KU won one combined tournament game over the course of back-to-back years in which it had been the nation’s preseason No. 1 team.
With four of its five starters exhausting their eligibility — including one in brutal fashion, as KJ Adams injured his Achilles and exited the Arkansas game with just over three minutes remaining before KU collapsed against the Razorbacks — the Jayhawks will need to add experience in order to regain their place among the nation’s elite. It was, after all, still just three years ago that they won the national title, though it may feel like a distant memory.

Kansas’ Bryson Tiller, a redshirt freshman, shoots around prior to Kansas’ tipoff against UCF on Tuesday, Jan. 28, 2025 at Allen Fieldhouse. Photo by Nick Krug
A look at the roster
Self and his staff already know they have three freshmen coming in, with Peterson and forwards Samis Calderon and Bryson Tiller, and Self has said he believes KU recruited three future pros.
The other two prospects might not be on the same accelerated timeline as Peterson. Tiller, a power forward from Atlanta, gave himself something of an edge by enrolling early — he has been with the team since early January — but hasn’t been able to participate much in practice due to a long-term ankle injury and spent the Jayhawks’ last few games wheeling around on a mobility scooter, first in a cast and then in a walking boot.
Calderon, a 6-foot-8, 200-pound forward from Espirito Santo, Brazil, is a somewhat less heralded project with plenty of length, a reputation for strong defense during his Overtime Elite tenure and a well-regarded shooting touch.
Which players from the current roster will join this trio next season remains to be seen.
The full list of scholarship players with additional eligibility includes junior wings Rylan Griffen and AJ Storr, redshirt junior forward Zach Clemence, sophomore guards Elmarko Jackson and Jamari McDowell, freshman center Flory Bidunga, freshman wing Rakease Passmore and senior guard David Coit.
Griffen and Storr did not remotely match the expectations with which they signed in the portal and could certainly be candidates to seek greener pastures elsewhere, though neither said much about his future after Thursday’s loss.
Griffen, who had started on Alabama’s 2024 Final Four team, eventually rose to a high volume of minutes for the Jayhawks, starting 13 of their final 15 games, but averaged a mere 6.3 points per game on 37.2% shooting and 33.6% from deep on the season. He was better in all three categories for the Tide.
“I feel like I could have shot the ball better, I feel like I could have made more plays, helped my team, definitely feel like I could have shot better,” he said on Thursday. “… That’s something that I’m really, really, really taking pride in this summer and making sure it doesn’t happen ever again.”

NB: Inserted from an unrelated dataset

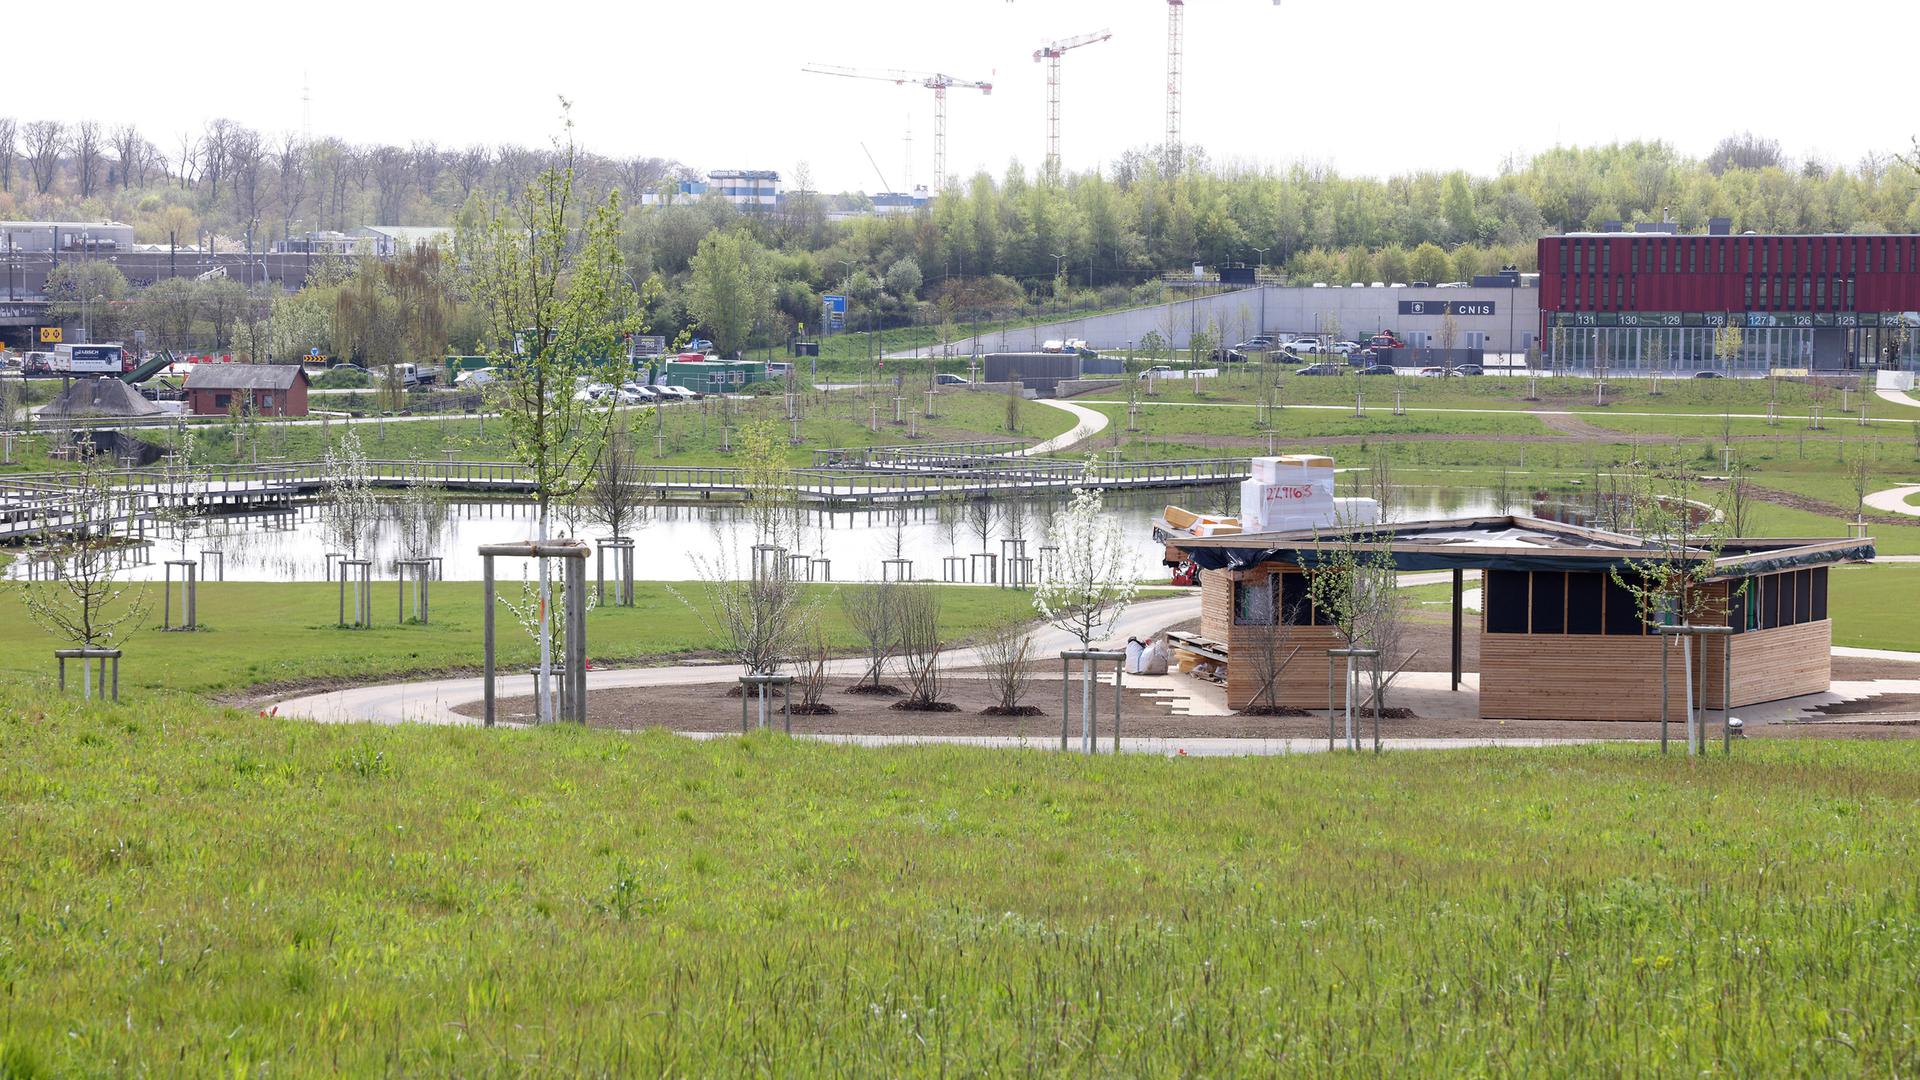 New 16.6 hectare park in Gasperich is almost ready to open to the public

He said he didn’t know his plans for next year and added, “I haven’t talked to anybody. I love Kansas.”
Storr, who has played at a different school every year of his basketball career since high school and told Slam magazine prior to the year he expected to be in the 2025 NBA Draft, experienced an even greater drop-off from his prior production during his first season at KU. After averaging 16.8 points per game as a sophomore at Wisconsin, he only reached that mark a single time during the 2025 season, against UCF during the Big 12 tournament.
Storr was asked following KU’s elimination what his pair of strong late-season performances had done for his confidence and his “college career moving into the pros.”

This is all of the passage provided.